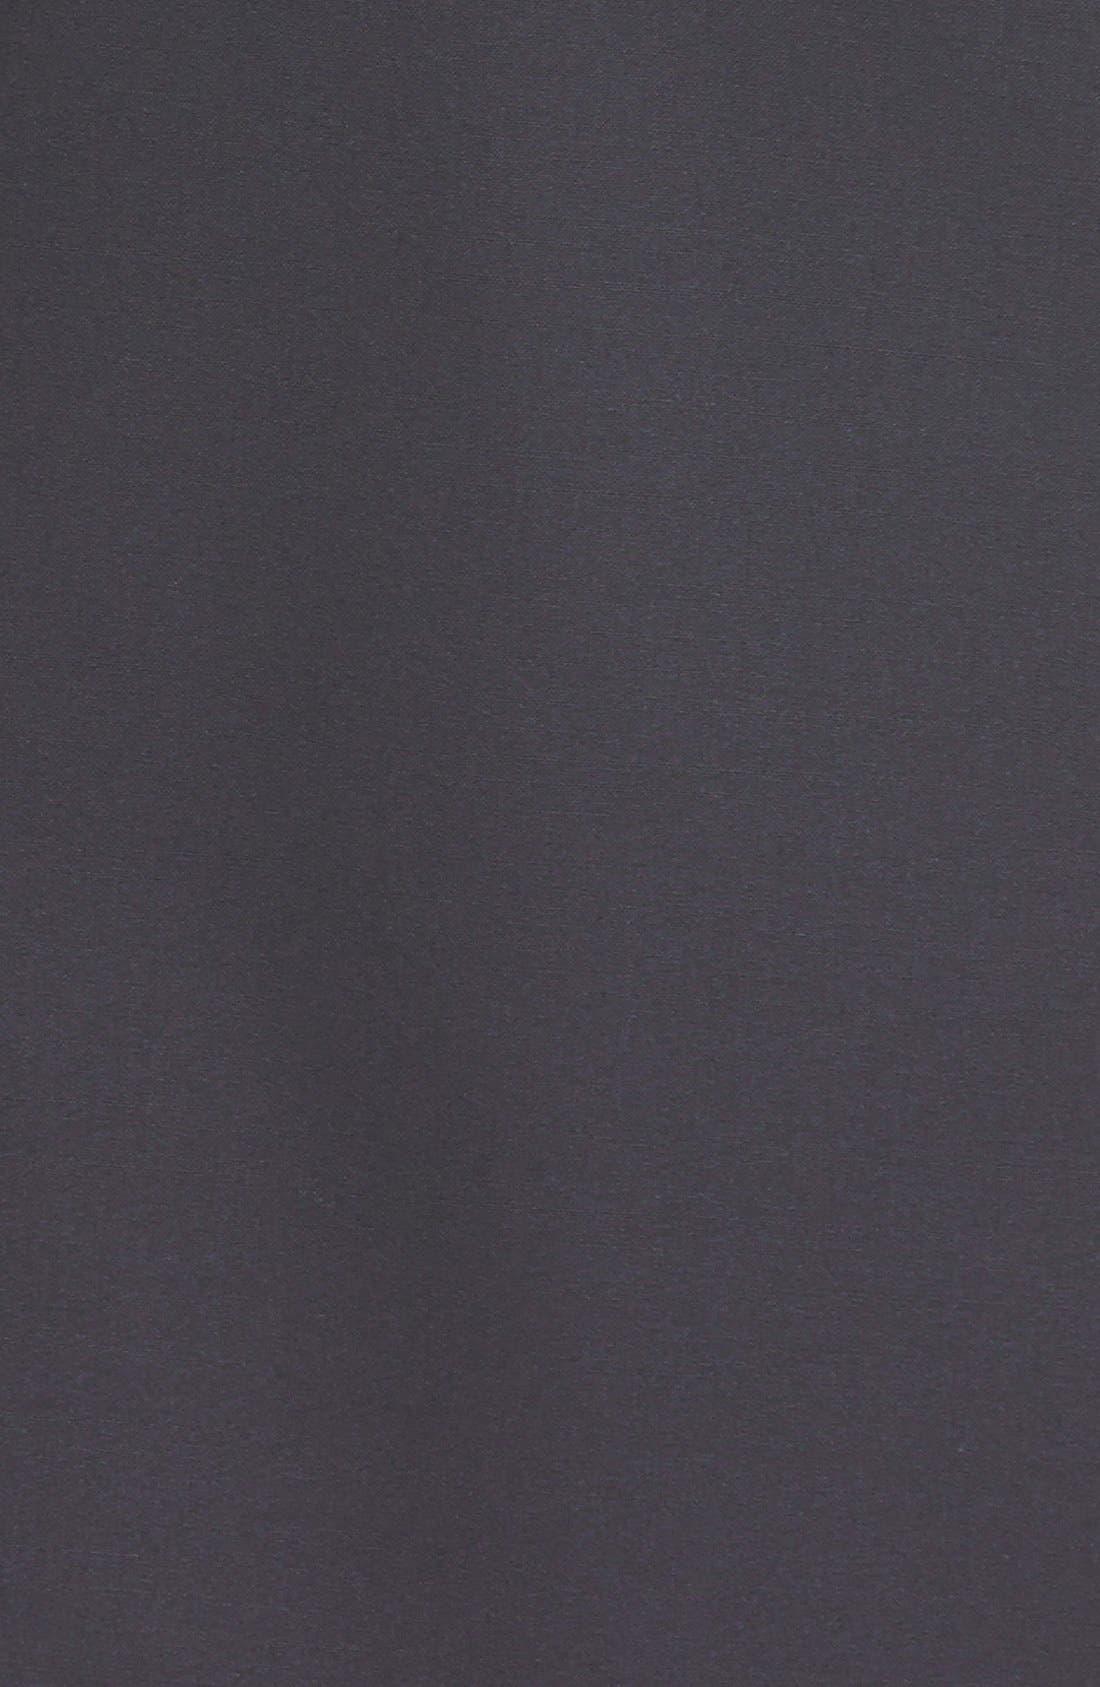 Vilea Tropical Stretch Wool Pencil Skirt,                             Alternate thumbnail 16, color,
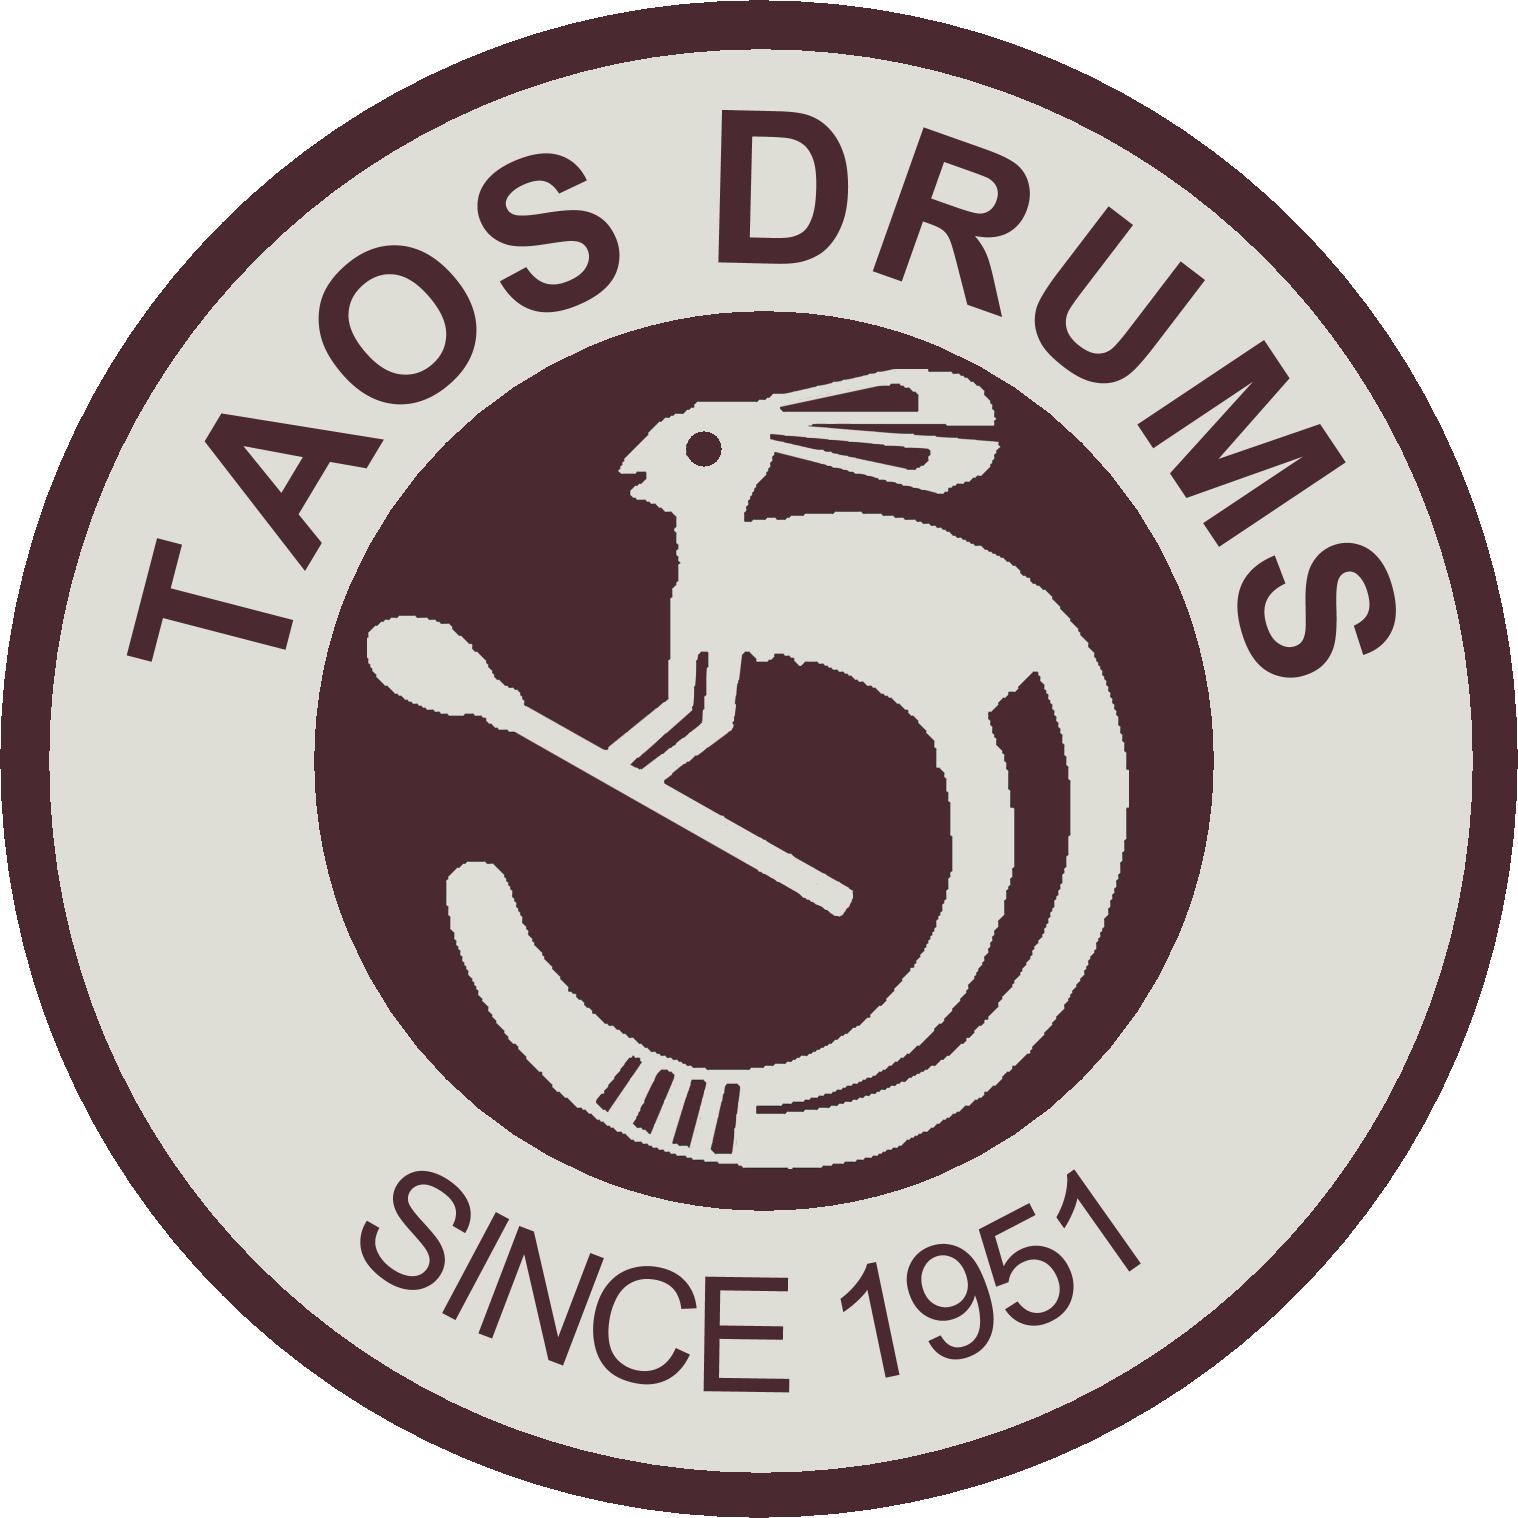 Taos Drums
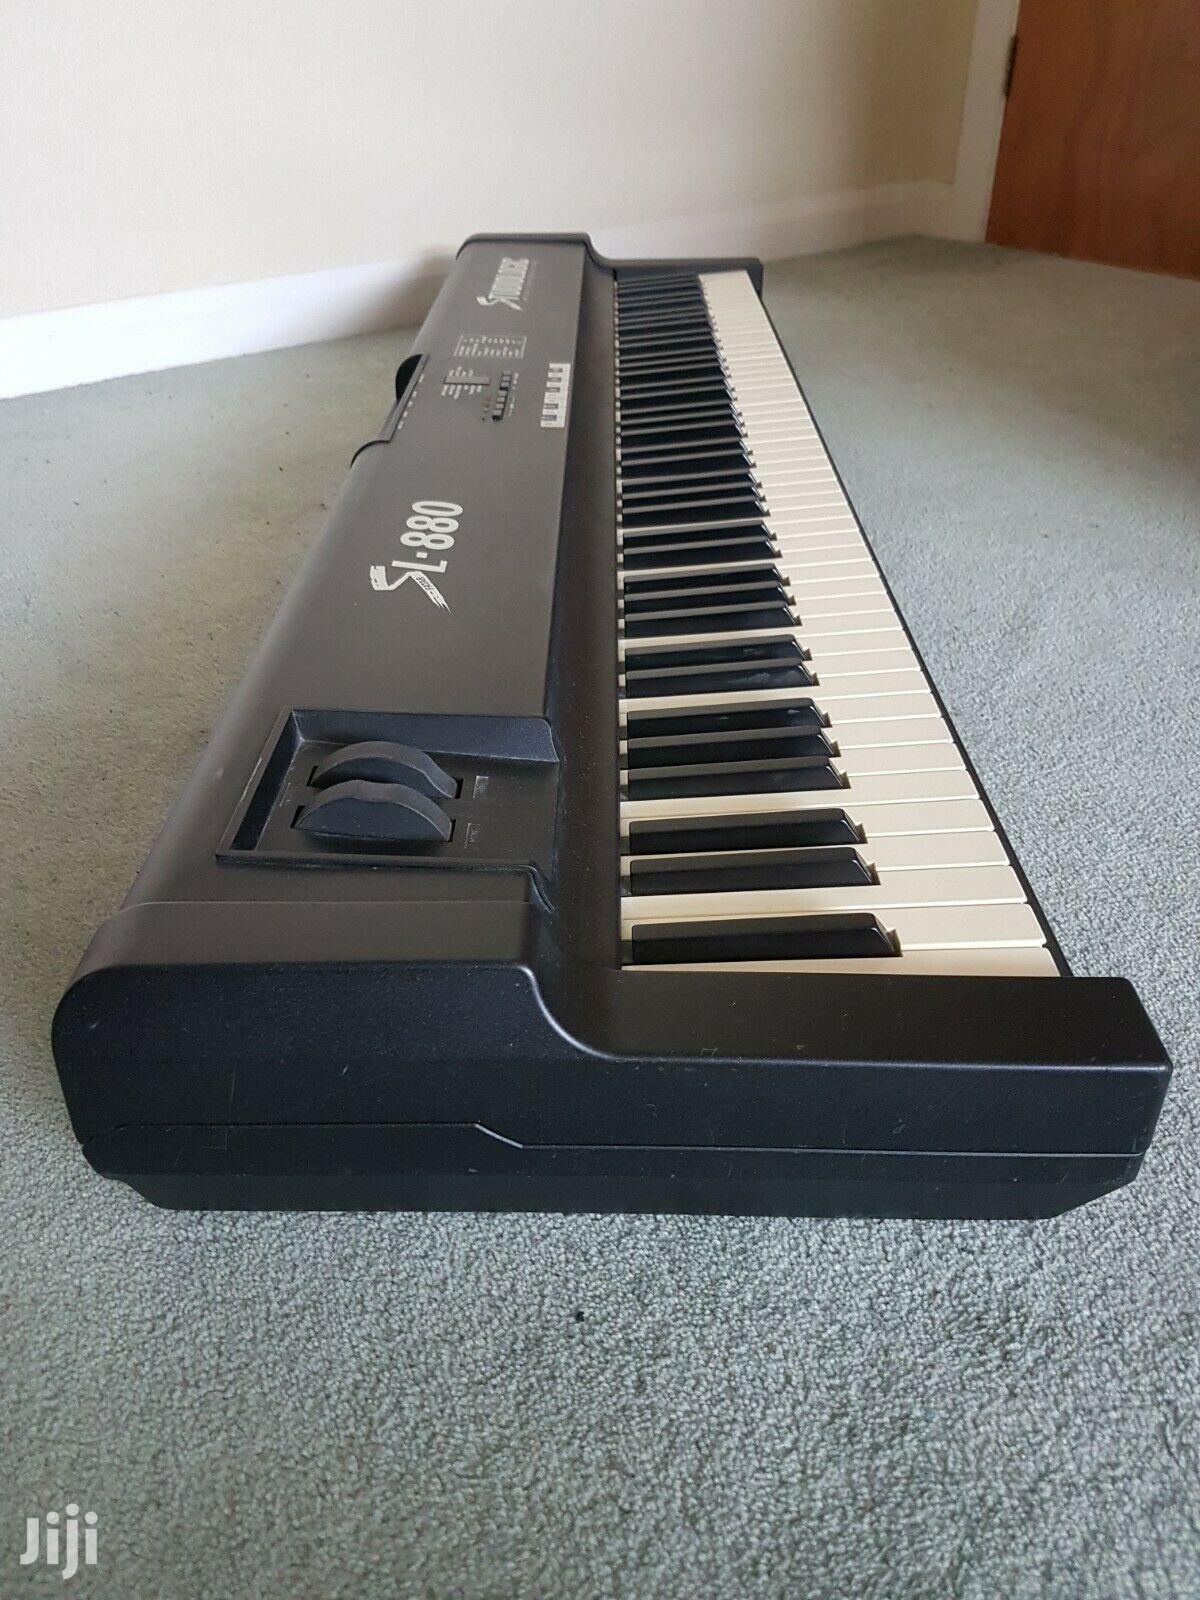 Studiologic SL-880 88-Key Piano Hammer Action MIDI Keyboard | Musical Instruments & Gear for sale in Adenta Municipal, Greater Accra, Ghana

* [Work to complete]
Retype the whole listing. Keep every word exact but include no pictures.

* [Written solution]
 Vilea Tropical Stretch Wool Pencil Skirt,                             Alternate thumbnail 16, color,
 Taos Drums
 Studiologic SL-880 88-Key Piano Hammer Action MIDI Keyboard | Musical Instruments & Gear for sale in Adenta Municipal, Greater Accra, Ghana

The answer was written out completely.